Written in 1912 and published that year by Constable and Company in The Listeners and Other Poems, “The Listeners” is perhaps Walter de la Mare’s most recognizable work for either adults or children in any form, noted particularly for its simple metric rhythm, its atmospheric setting, and its darkly romantic imagery.
“The Listeners” recounts in brief the arrival of an unnamed traveler to a moonlit house late one night, and his unsuccessful attempts to gain admittance. The poem’s stark central image is that of the eponymous, silent listeners, a large group of (it is implied) phantoms who are thronging the halls of the house, and who remain steadfastly still and silent in response to the traveler’s calls.
The horror underlining de la Mare’s poem is that of the uncanny, otherworldly nature of the silent listeners, and the mysterious relationship between the traveler and those who dwell within the house. Indeed, “The Listeners” poses many questions that de la Mare deliberately leaves unresolved, thereby heightening the numerous mysteries at the heart of the poem. The subtle threat running throughout the poem, and that (along
with its decidedly supernatural elements) accounts for the reader’s increasing sense of discomfort, is the primal fear felt in the face of the unfathomable actions of the phantom listeners, who represent a collective predatory threat to the lone figure of the traveler.

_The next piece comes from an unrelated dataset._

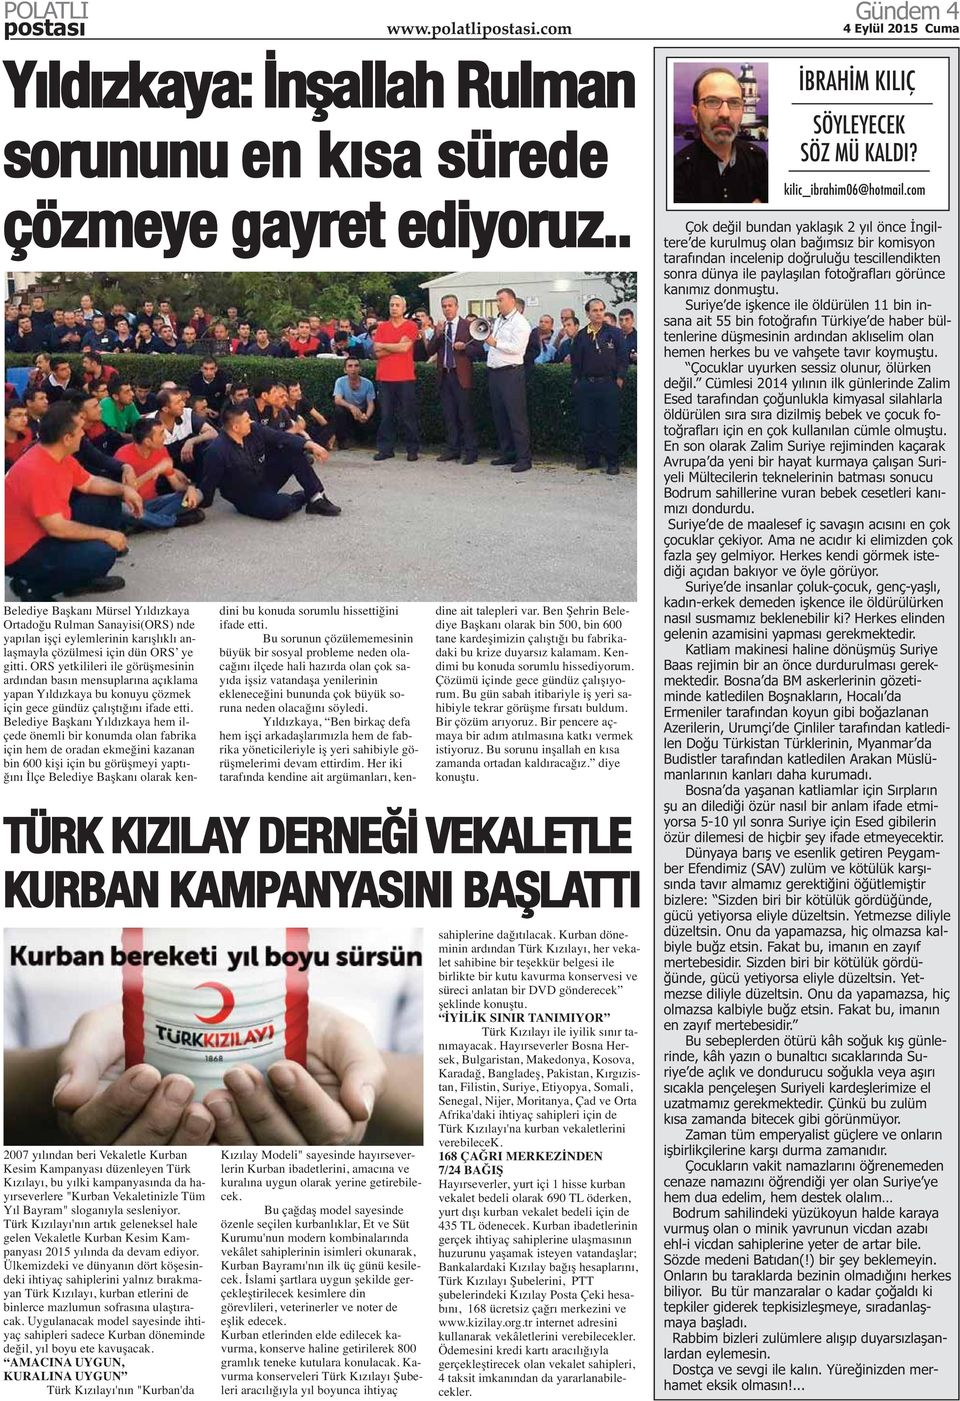 Türk Kızılayı'nın artık geleneksel hale gelen Vekaletle Kurban Kesim Kampanyası 2015 yılında da devam ediyor.
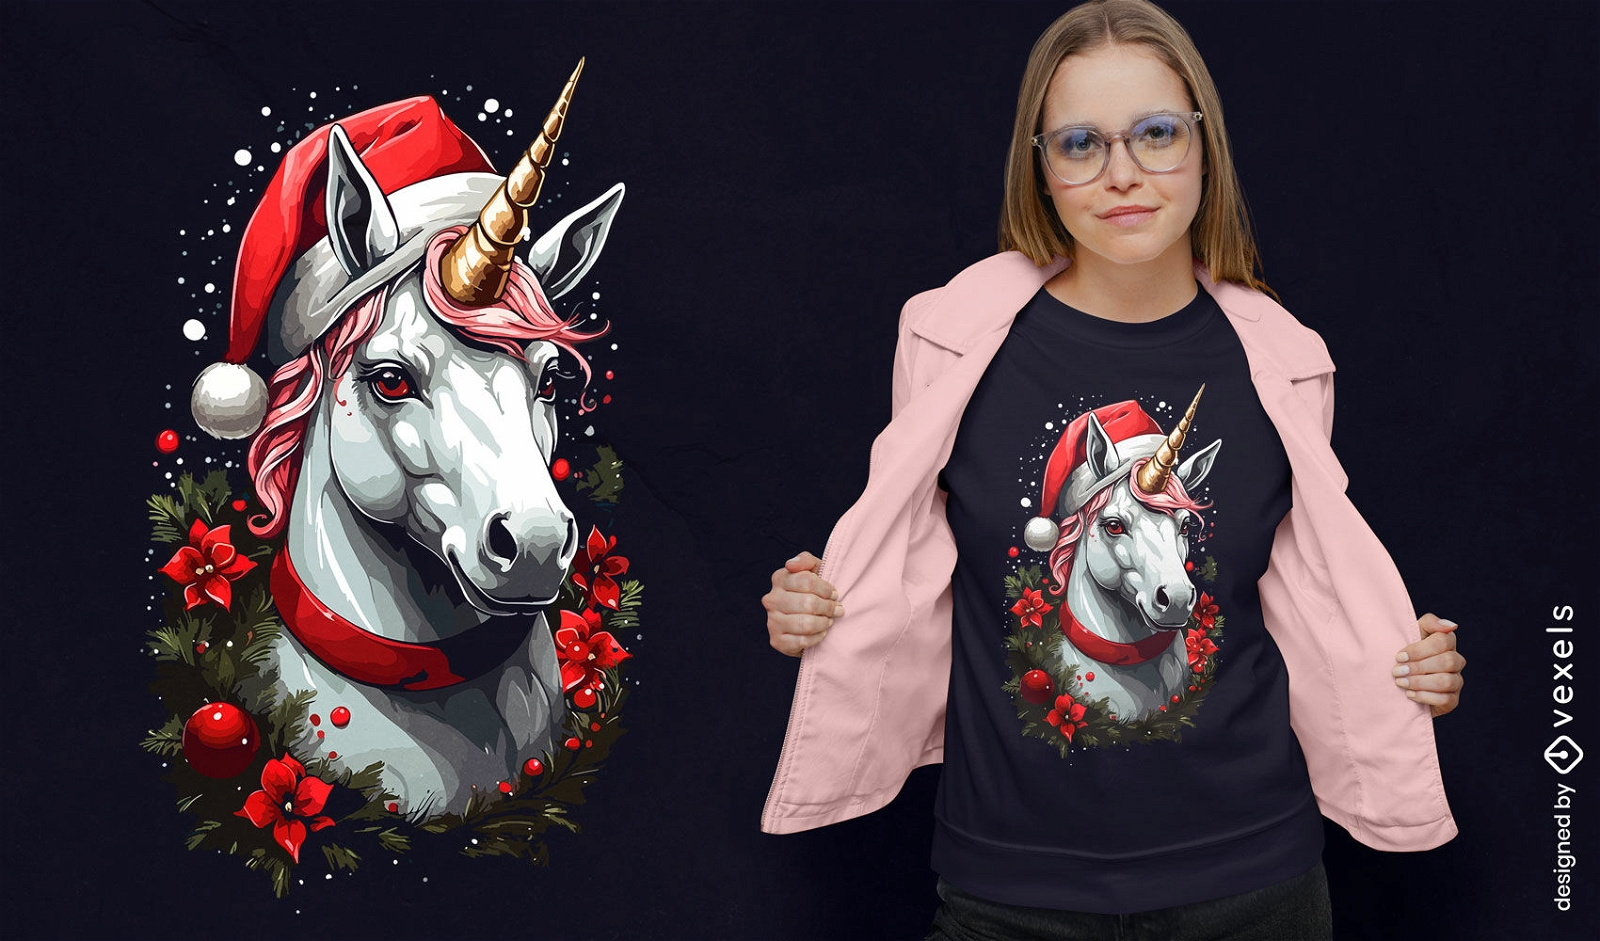 Diseño de camiseta de unicornio con gorro navideño.

Moreover, “The Listeners” compounds this sense of dread with the further existential fear of resolute silence, as de la Mare’s pointed refusal to answer the many questions his narrative implicitly raises echoes in kind the silence that meets the traveler’s repeated question: “Is there anybody there?” Like the traveler, the reader, too, encounters a void, an existential emptiness that de la Mare refuses to fill.
Finally, “The Listeners” captures the quiet menace of unexplained occurrences or incidences and suggests that the most threatening thing of all to the human mind is the unanswered (or unanswerable) question, to which we necessarily demand a meaningful response. The poem presents several questions, such as who the traveler is and where he has traveled to/from; what his relationship is to the people in the house; who the listeners are and why they won’t answer him; what “word” he has kept, and to whom. De la Mare leaves the answers to these questions very much open, and the strength of “The Listeners” as a work of supernatural horror lies in the discomfort the reader feels at the poem’s thorough lack of resolution.